Cheeky Elf wyskoczył z mojej kieszeni na jedną z półek i zaczął szukać książki o "jakiś dalekich krewnych swojego najlepszego przyjaciela".
"Pośpiesz się" ponaglałam go.

W końcu znalazł to co chciał i wyszliśmy z biblioteki z trzema nowymi książkami... Właśnie idziemy razem czytać... :) Życzymy również miłych chwil z książkami w rękach!

piątek, 6 maja 2011

The best of...

Witam ponownie! Dziękuję za komentarze.
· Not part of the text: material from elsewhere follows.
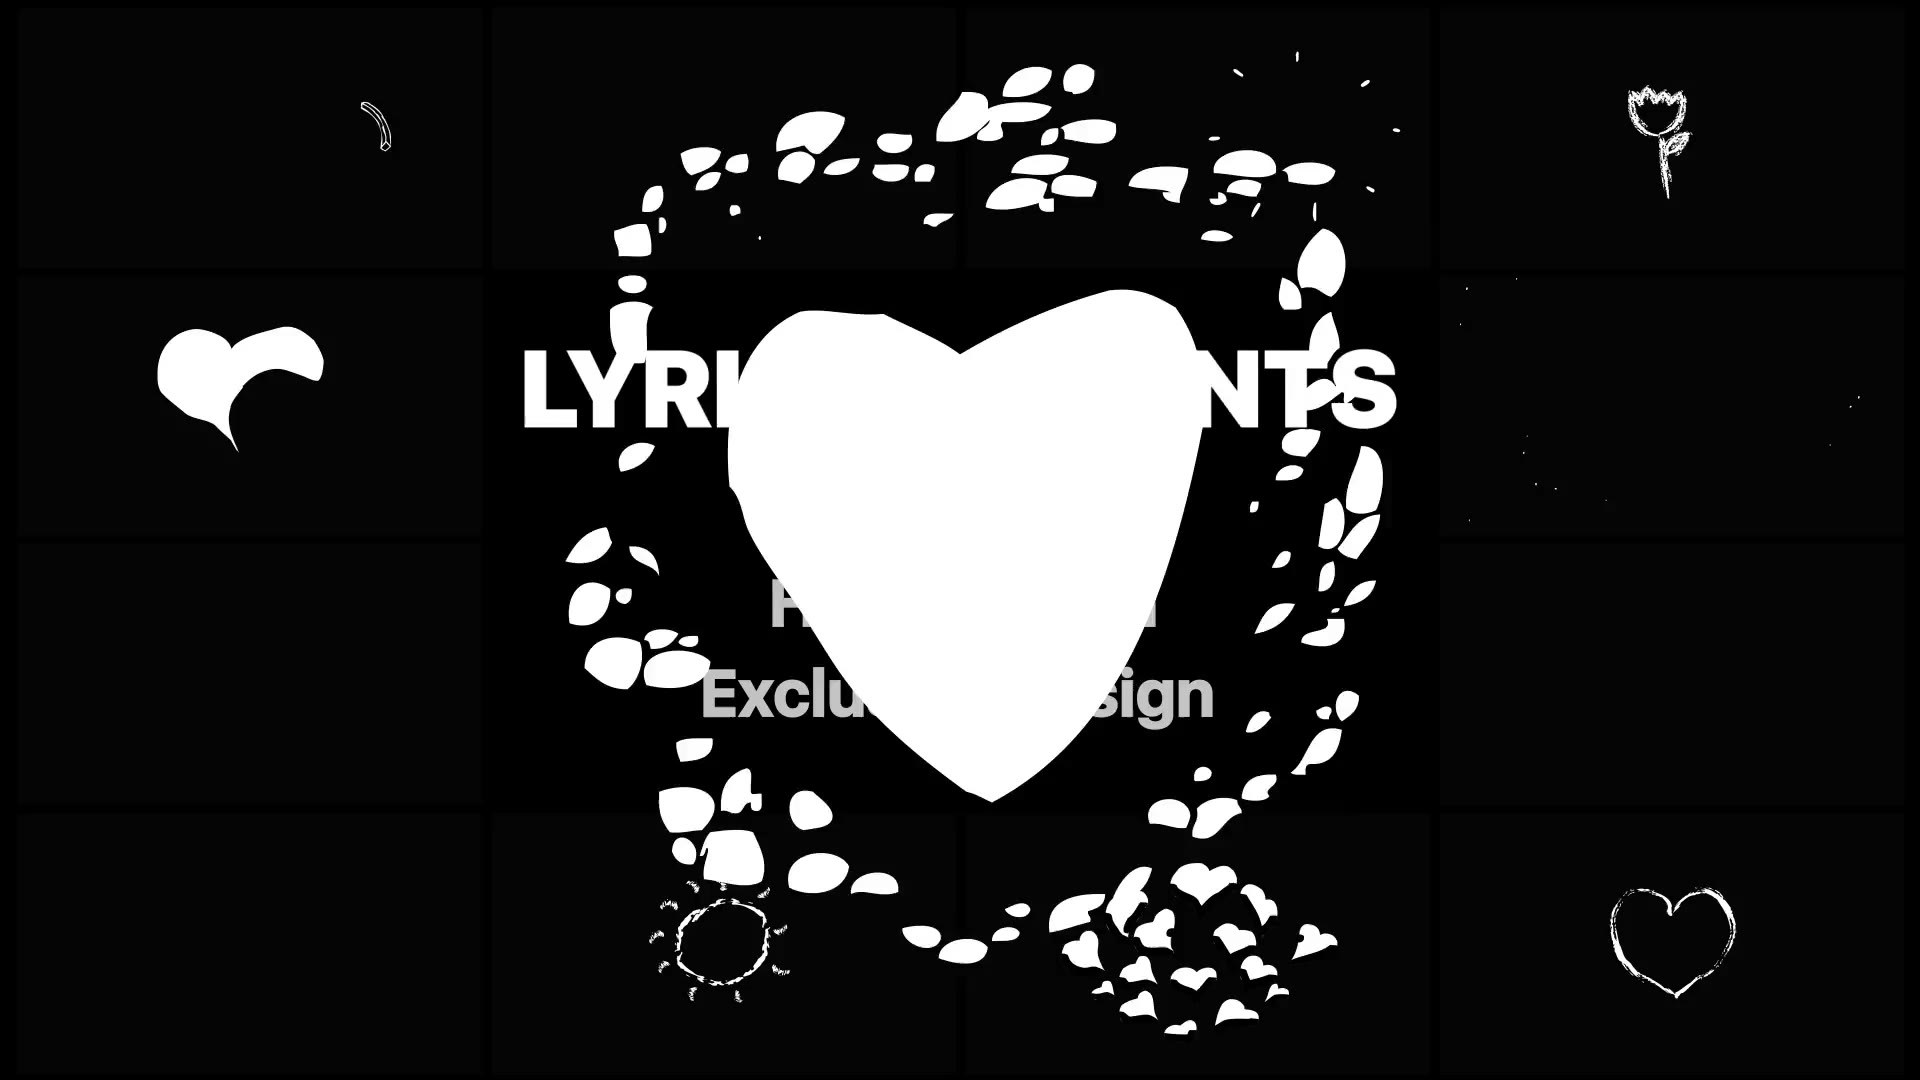 Lyric Elements - Download Videohive 23201513

Przyznam szczerze, że to Cheeky Elf przypomina mi ciągle o nich - mówi, abym sprawdziła czy ktoś napisał do nas. "Sprawdź, proszę czy są jakieś komentarze" błaga mnie za każdym razem, kiedy włączam komputer i internet. Odpowiadam mu czasami, że nie mam czasu ;), a on zaczyna mnie... szantażować! "Jeśli nie sprawdzisz, polecę swoje usługi komu innemu" No mówię Wam, straszny z niego urwis...

Jeszcze raz dziękuję więc za komentarze!

O czym będzie dzisiejszy post na moim blogu? Dobrze, że mam czas przemyśleć to w pracy i nie muszę główkować w domu...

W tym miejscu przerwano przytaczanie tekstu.